L’étude a estimé que vivre dans des zones sujettes aux inondations était associé à un excès de risque de mortalité infantile de 5,3 décès supplémentaires pour 1 000 naissances par rapport à vivre dans des zones non sujettes aux inondations sur une période de 30 ans entre 1988 et 2017, avec des enfants nés pendant des périodes pluvieuses. mois à un risque de décès plus élevé que ceux nés pendant les mois secs.

Les chercheurs ont ensuite utilisé des données démographiques nationales, une analyse statistique pondérée et les mêmes outils de cartographie des zones inondables pour extrapoler leurs résultats avec ce groupe initial à l’ensemble du pays du Bangladesh. Cette analyse à l’échelle nationale estime que 152 753 décès infantiles excédentaires étaient imputables au fait de vivre dans des zones sujettes aux inondations au Bangladesh au cours des 30 dernières années.

Les résultats de l’étude n’indiquent aucun mécanisme particulier expliquant comment l’exposition aux inondations pourrait entraîner une augmentation de la mortalité infantile, et Benmarhnia a déclaré que la recherche des causes potentielles serait une étape nécessaire dans le développement d’interventions efficaces. Cela dit, il a suggéré que les inondations peuvent avoir un impact sur la sécurité alimentaire et la stabilité financière, en particulier pour les communautés agricoles.

Benmarhnia a déclaré que les résultats suggèrent que se concentrer uniquement sur les effets immédiats des inondations pourrait sous-estimer leur impact sur la santé de la population, et que les effets sur la mortalité infantile en particulier semblent se manifester sur une échelle de temps plus longue.

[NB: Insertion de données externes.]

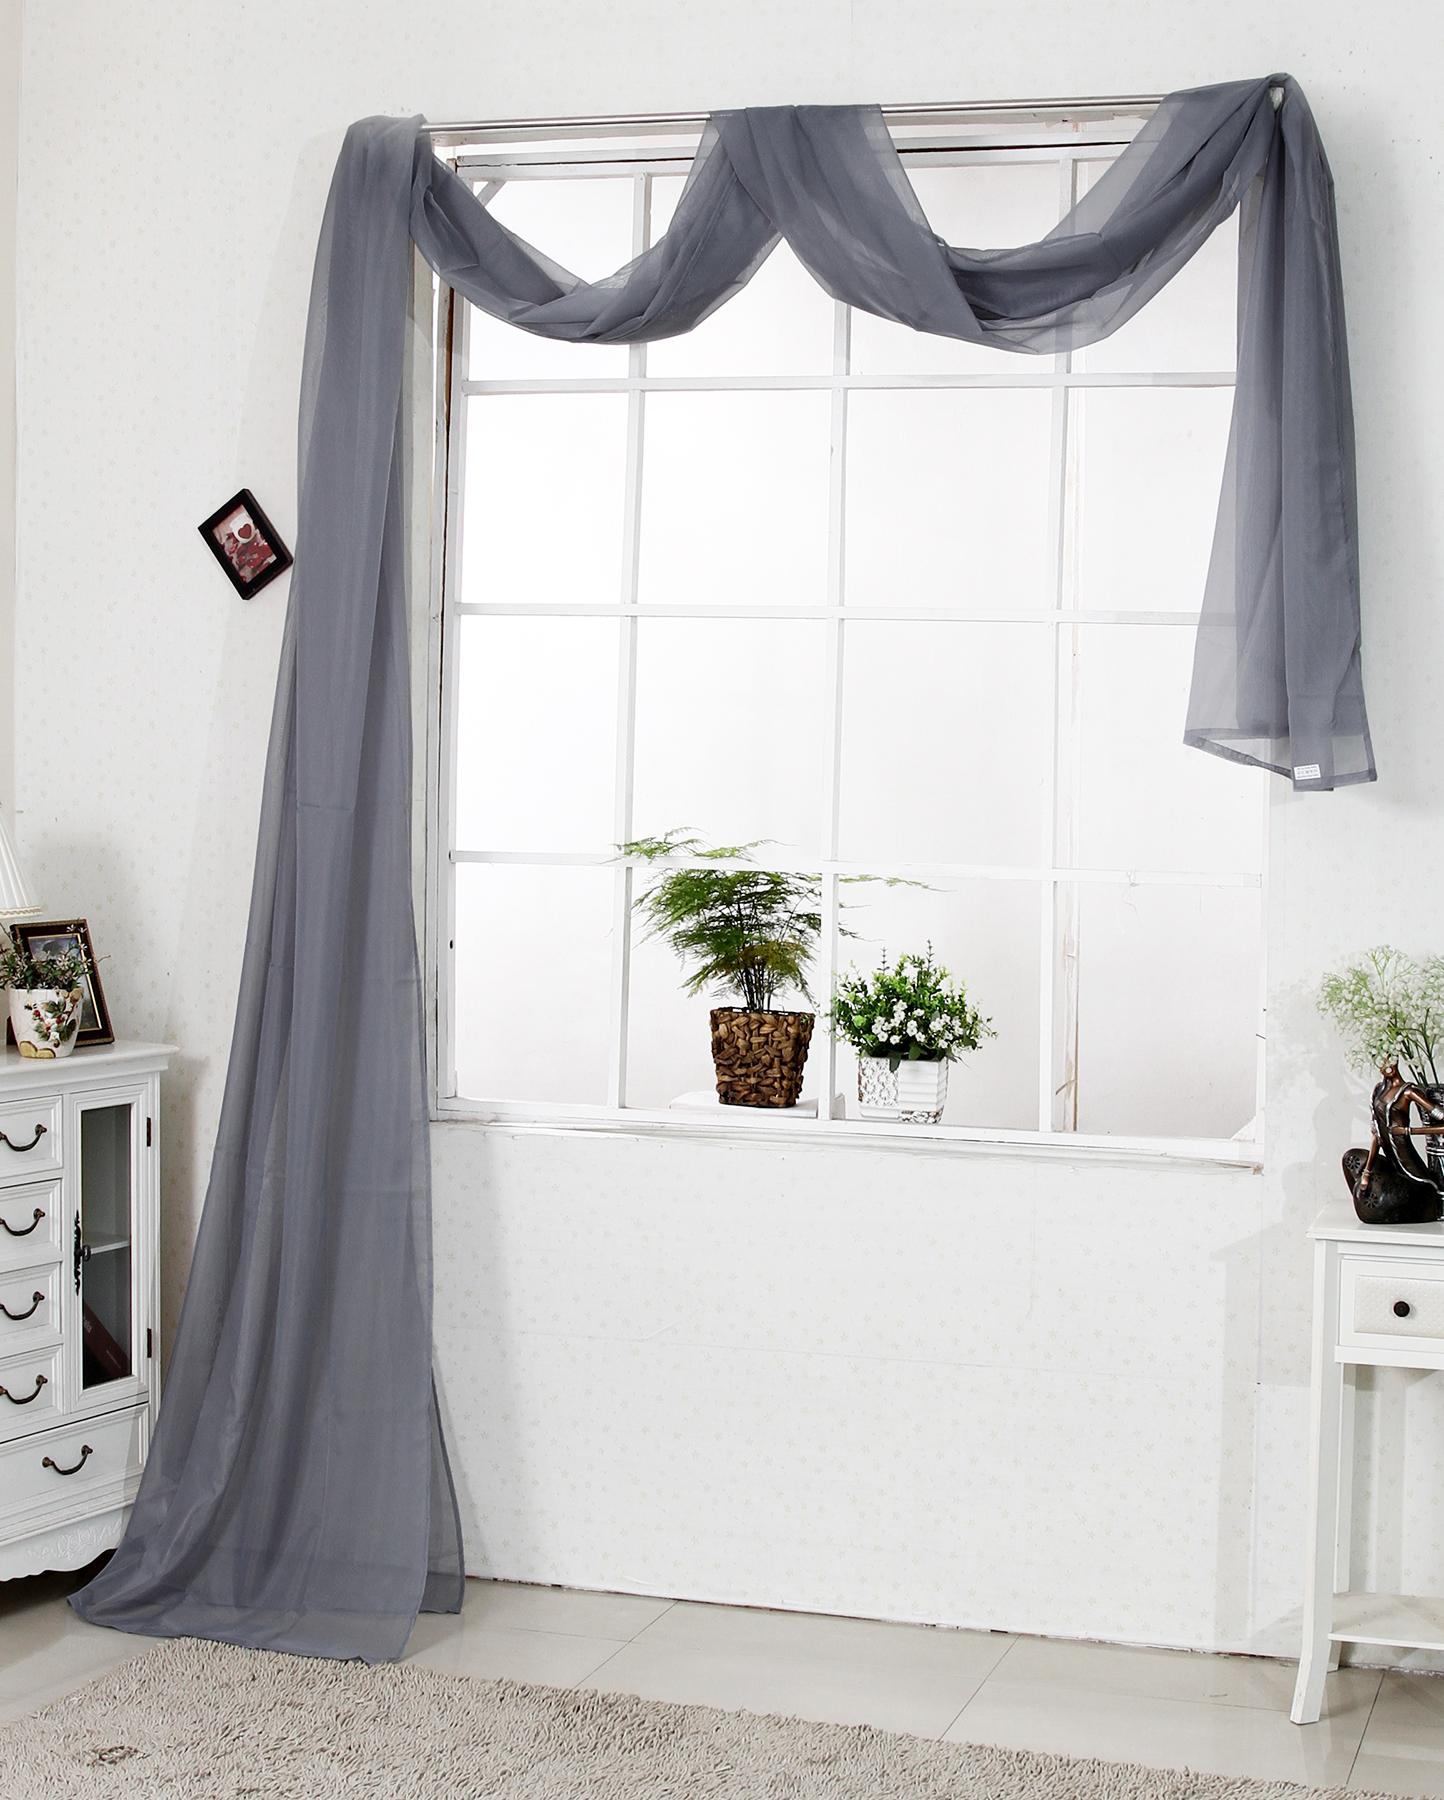 Querbehang raumteiler bergardinen gardinen vorh nge for Fenster querbehang
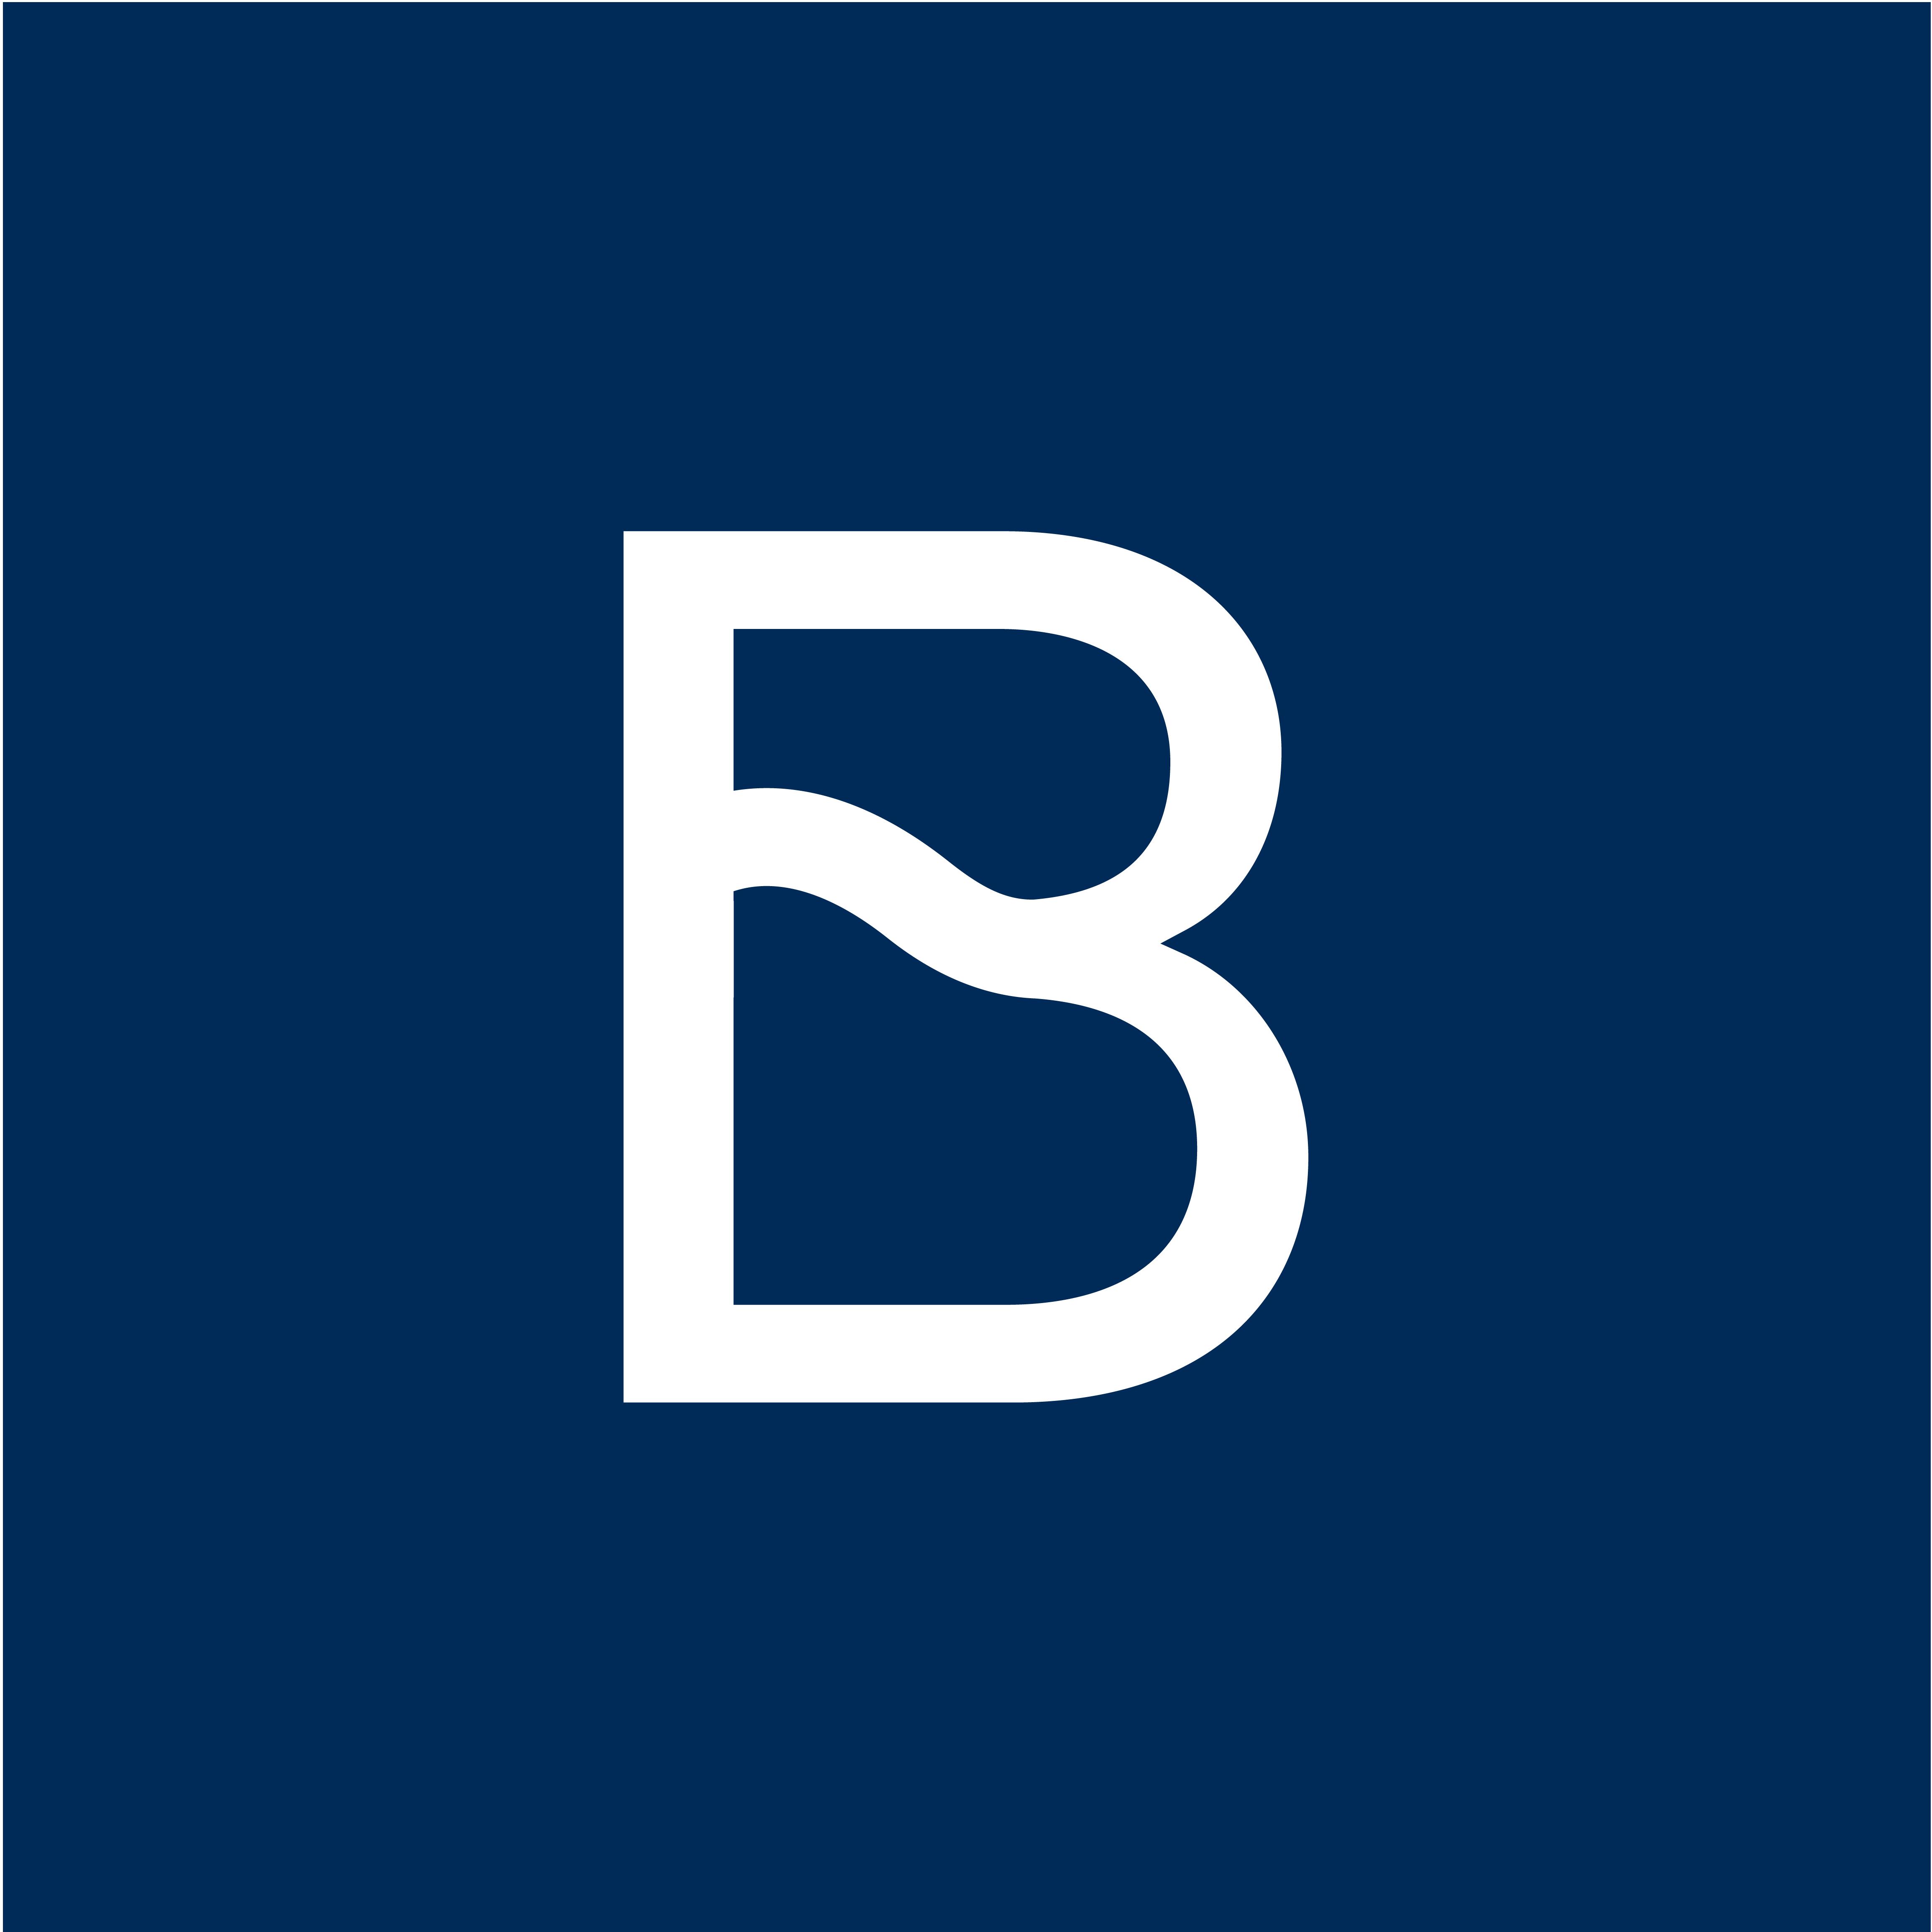 Blaamyra symbol 3 03

L’étude fournit également un modèle pour mesurer les impacts à long terme des inondations sur la santé et un exemple généralisable de la manière d’étudier les effets à long terme sur la santé des risques environnementaux liés au climat.

Le rôle du changement climatique n’a pas été explicitement inclus dans l’analyse, a déclaré Benmarhnia, mais il a déclaré qu’il y avait une augmentation continue du risque global de mortalité infantile au cours des trois décennies de l’étude.

« Nous n’avons pas quantifié le rôle du changement climatique, mais c’est l’éléphant dans la pièce », a déclaré Benmarhnia. « Bien que nos données ne puissent pas lier explicitement nos résultats au changement climatique, elles sont compatibles avec l’idée selon laquelle le changement climatique aggrave les inondations et les impacts sur la santé publique qui en découlent. »

À la lumière de leurs conclusions, les auteurs de l’étude étudient désormais le potentiel d’interventions nutritionnelles saisonnières susceptibles de renforcer la sécurité alimentaire lorsque les communautés sont les plus exposées aux inondations et à d’autres expositions sensibles au climat.

« Nous devons réfléchir et faire face aux conséquences à long terme d’autres aléas climatiques et de phénomènes météorologiques dits extrêmes », a déclaré Benmarhnia. « Nous devrons peut-être aussi redéfinir notre concept d’extrême. L’intensité est extrême mais ces risques environnementaux comme les inondations sont de moins en moins rares. Nous devrons peut-être recadrer ces problèmes comme des problèmes récurrents, et pas seulement comme des situations d’urgence. »

En plus de Benmarhnia, l’étude a été co-écrite par François Rerolle, chercheur postdoctoral à l’UC San Francisco et Scripps Oceanography, et Benjamin Arnold de l’UC San Francisco.